I would say a couple of things. The very first would be my own mother. She was a banker. I have both parents who are bankers actually. My dad has spent 42 years at state bank of India. My mom retired after 39 years in IDBI. So, definitely I’ve seen women bankers from the very small age that I remember, and I literally grew up in the parking lot of IDBI bank. So seeing my mother how she was as a leader as a woman banker, her leadership skills, whatever she developed over various courses of training that banks would do as well, and a lot of things that she would pass it on to me. So that is definitely a constant inspiration I have in my life. And so when it comes to women and leadership definitely my mother. Otherwise I would say my ex-bosses, Amrish Rao and Jitendra Gupta, they were big inspiration.

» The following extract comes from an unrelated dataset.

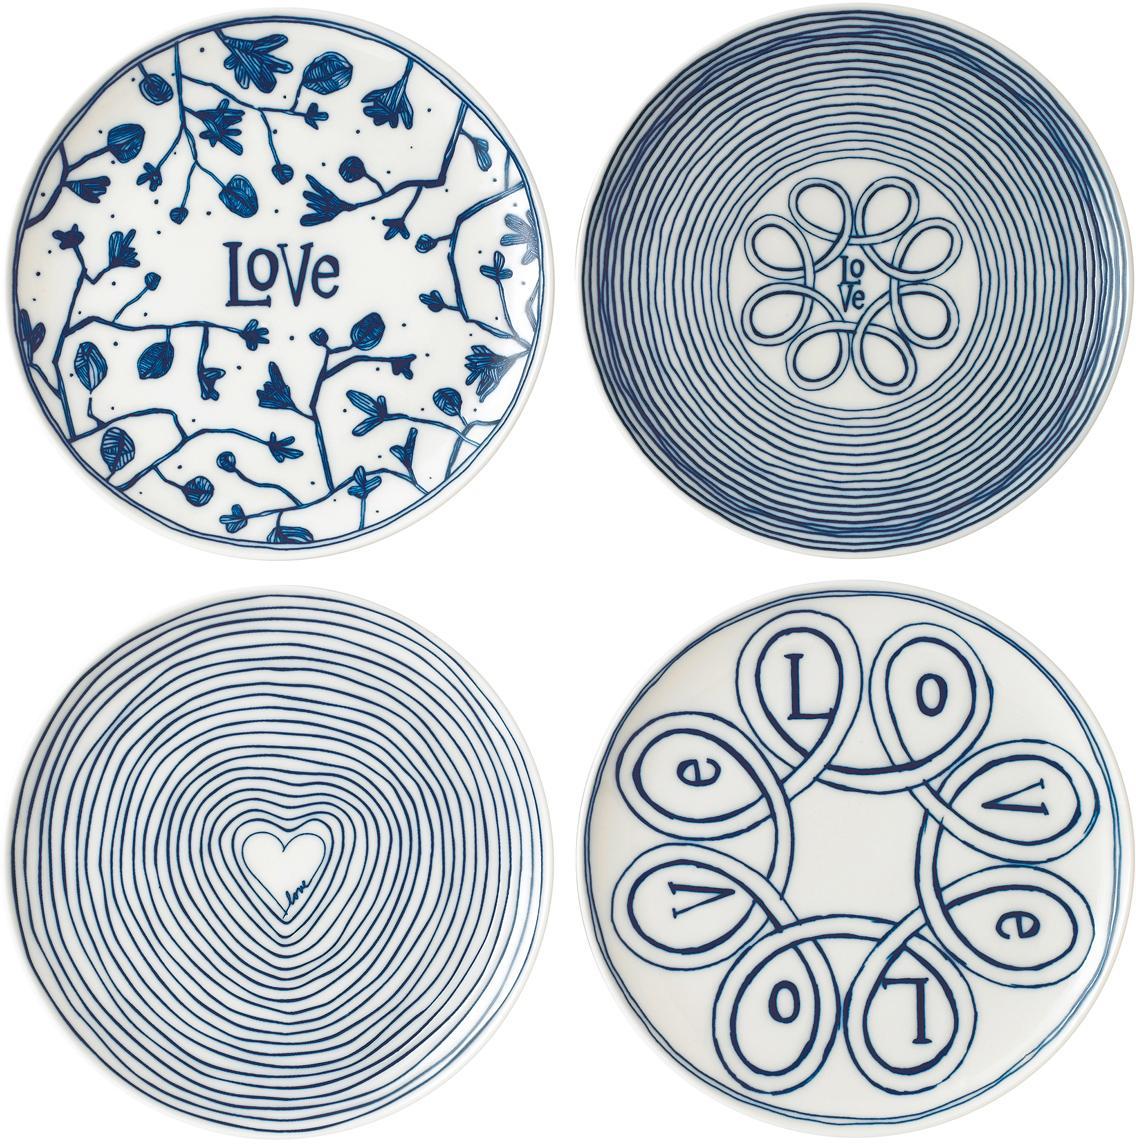 Platos postre Love, 4uds., Porcelana, Marfil, azul cobalto, Ø 21 cm

I learnt a lot seeing them at Citrus Pay. How they were treating the team, how they took over the startup, how they were running the startup, they gave me great insights on, what a company looks like what are the things that our company, when you, from your, you are a startup, you’re a small team to when you’re a company, how things came dramatically and, what kind of leadership and what type of skill set required for your growth, those are great things that I’ve learned from my mentors, Amrish & Jitendra.

Devika Garg

Mabel you’re one of the most inspiring leaders that we have in the FinTech space, especially amongst women. And I would like you to share what is the advice that you would give to aspiring Mabel Chackos to help them pursue their dreams?

Mabel Chacko

So women always have a toughie. I do believe that women in fintech is a great segment to be in, but, women do have it the hard way all the time, because there’s as Indian women, you’re, you are a caregiver at home, you have home duties and a lot of other things that can bog you down from chasing your dreams, and trying to take off and start following your passion. My advice to every single entrepreneur or every single women entrepreneur in particular is, never shy away from chasing your dreams, never shy away from following your passion. There’s a lot of struggle, yes, definitely. But it’s worth it every single day that you’re doing and being your own boss. Every single day, every learning that you get, it makes it totally worth it. Startup, stand up for yourself and live your dream. Keep dreaming because dreams to come true, mine did, there’s will too.

Devika Garg

Thank you so much, Mabel. This was a wonderful conversation. Thank you so much for your time and wishing you and team Open continued success. May you grow from strength to strength. Thank you.

Mabel Chacko

Thanks a lot Devika and team RBL Bank for having this wonderful conversation.